2. Plaintiff's Exhibit No. 2.
3. See "Rules and Regulations" promulgated pursuant to Section 322 of the Public Health Service Act, Act of July 1, 1944, 58 Stat. 696, 42 U.S.C.A. § 249, which provides "Sickness or injury while employed. A seaman taken sick on board or ashore while actually employed on a vessel shall be entitled to care and treatment without regard to length of service." See 10 F.R. 8138, Section 2.315, and 12 F.R. 6166-7, Section 32.15.
4. Catatonia is described in Gould's Medical Dictionary, Fifth Edition, as "A form of mental derangement progressing from melancholia successively through mania and stupidity to imbecility and tonic convulsions."
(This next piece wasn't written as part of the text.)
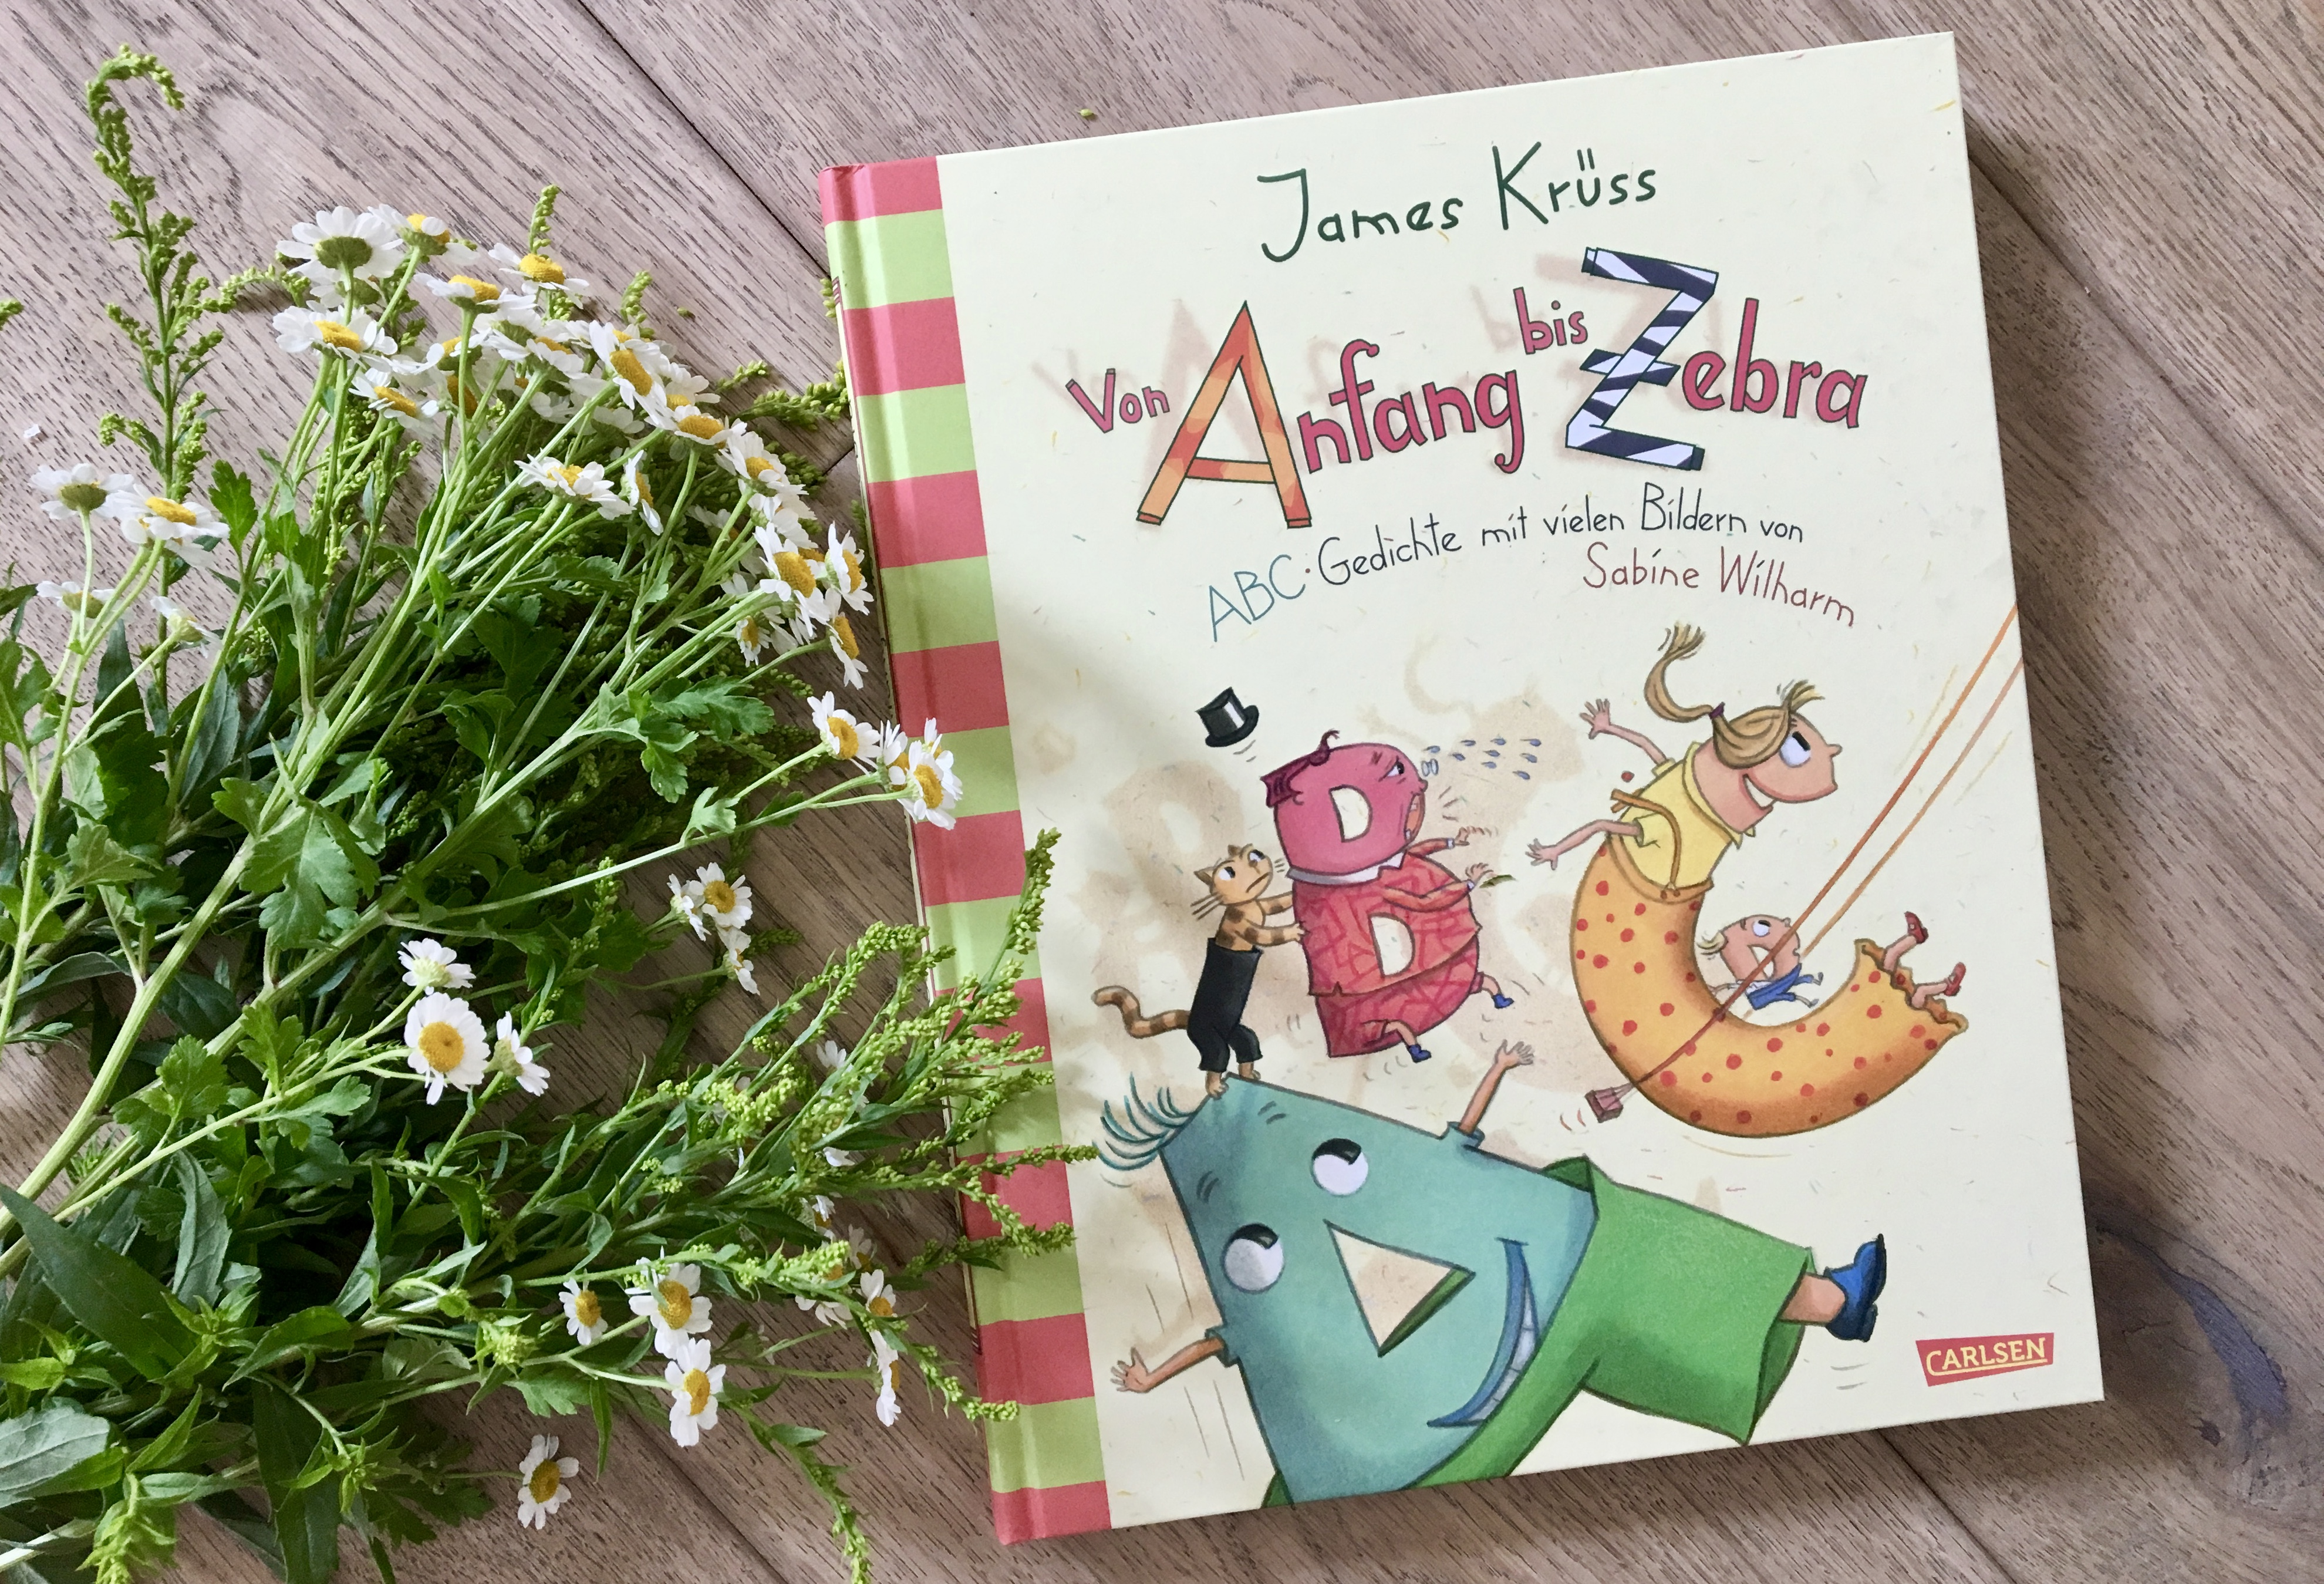 Von Anfang bis Zebra on James Krüss (Text) und Sabine Wilharm (Illustration)

5. See p. 302 of transcript.
6. See id. pp. 304-5.
7. Spellman insists that she was entitled to a directed verdict on her claim for maintenance and cure because of request No. 8 of her "Requests for Additional Admissions" under Rule 36, Federal Rules of Civil Procedure, 28 U.S.C.A. We cannot agree. American never made the admission requested and though the court "received" the request there remained a question of fact for the determination of the jury since there was no admission. See Fidelity Trust Co. v. Village of Stickney, 7 Cir., 129 F.2d 506, 511.
8. See p. 303 of the transcript.
9. The court below assumed that conditions in marine hospitals in 1947 were the equivalent of those of wartime.
10. Judge Goodrich said, 169 F.2d at page 64, "It is worth while reminding ourselves of the orthodox rule that seamen are wards of the admiralty."